The general relation for an ideal gas is $$PV=nRT$$ where $P$ is the pressure, $V$ is the volume, $n$ is the number of moles of the gas particles, $R\approx 8.314 \mbox{ J/ mol}\cdot\mbox{K}$ is the gas constant and $T$ is the temperature in Kelvin.

As you inflate a balloon at constant temperature, $T$ remains constant while $n$ increases because you are adding gas with your lungs, and $V$ increases because it is inflating. Your question is what happens to the pressure $P$?

The answer is... the gas equations doesn't give you enough information to figure this out. Since $RT$ is constant you have $PV/n=\mbox{const.}$. But both $P$ and $V$ are allowed to vary so you need more information to answer this than just the gas law alone.
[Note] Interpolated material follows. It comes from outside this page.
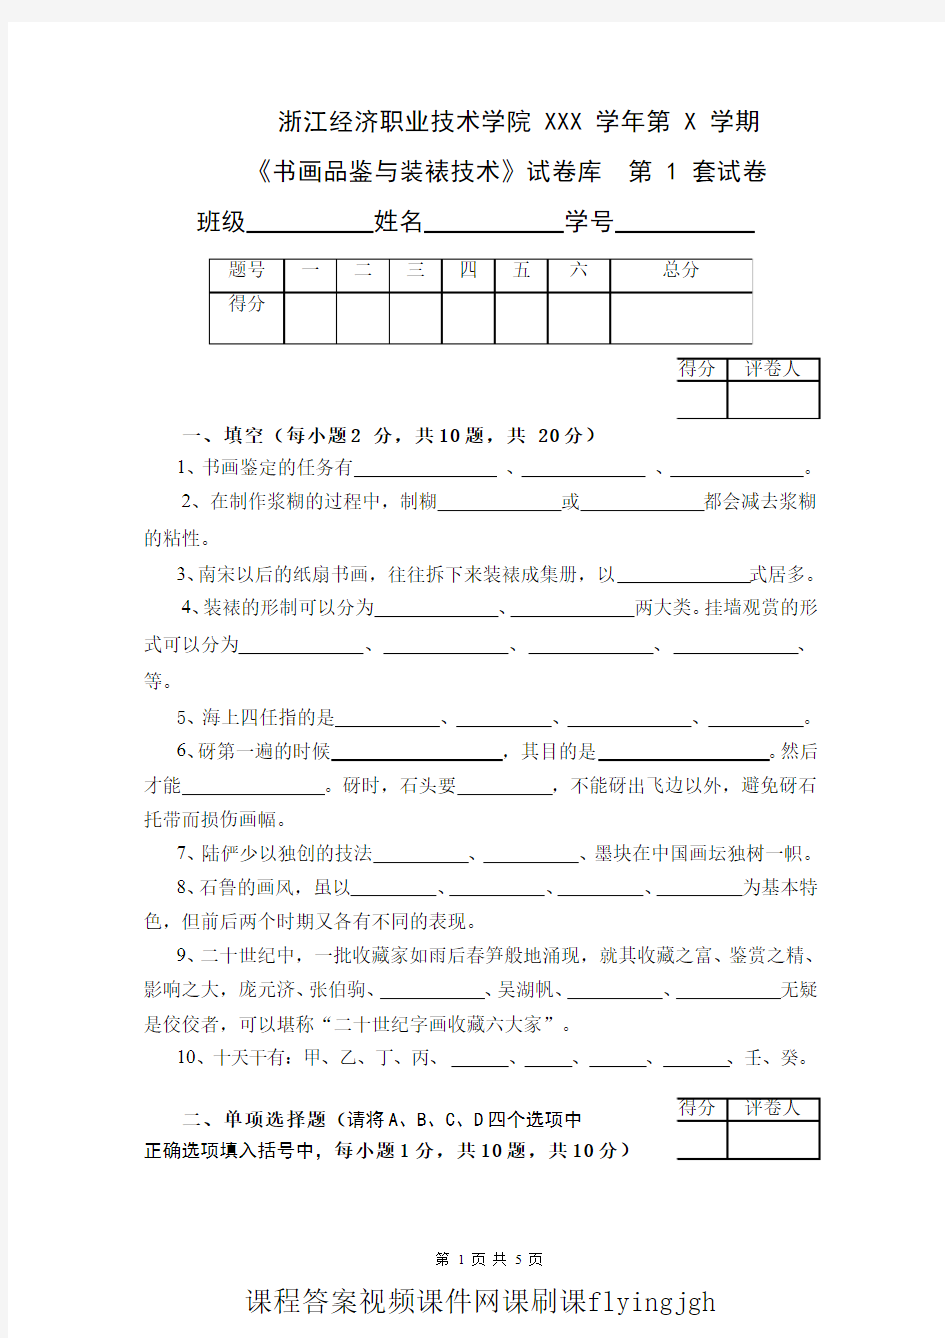 中国大学MOOC慕课爱课程(9)--《书画品鉴与装裱技术》期末考试卷第1套网课刷课

However, you know that once you've blown into the balloon, the system will come to equilibrium, which means that forces on the balloon are balanced. You have pressure inside the balloon pushing out, and this must be balanced by the outside air pressure pushing in PLUS the force of the elastic which is also pushing in. The more the balloon is inflated, the more force the elastic will apply (think Hooke's law). Outside air pressure can be taken as constant. Therefore pressure will increase as you inflate the balloon, because the force from the elastic grows as the balloon is inflated.

No need to invoke the gas law at all. In fact, the gas law can't save you here!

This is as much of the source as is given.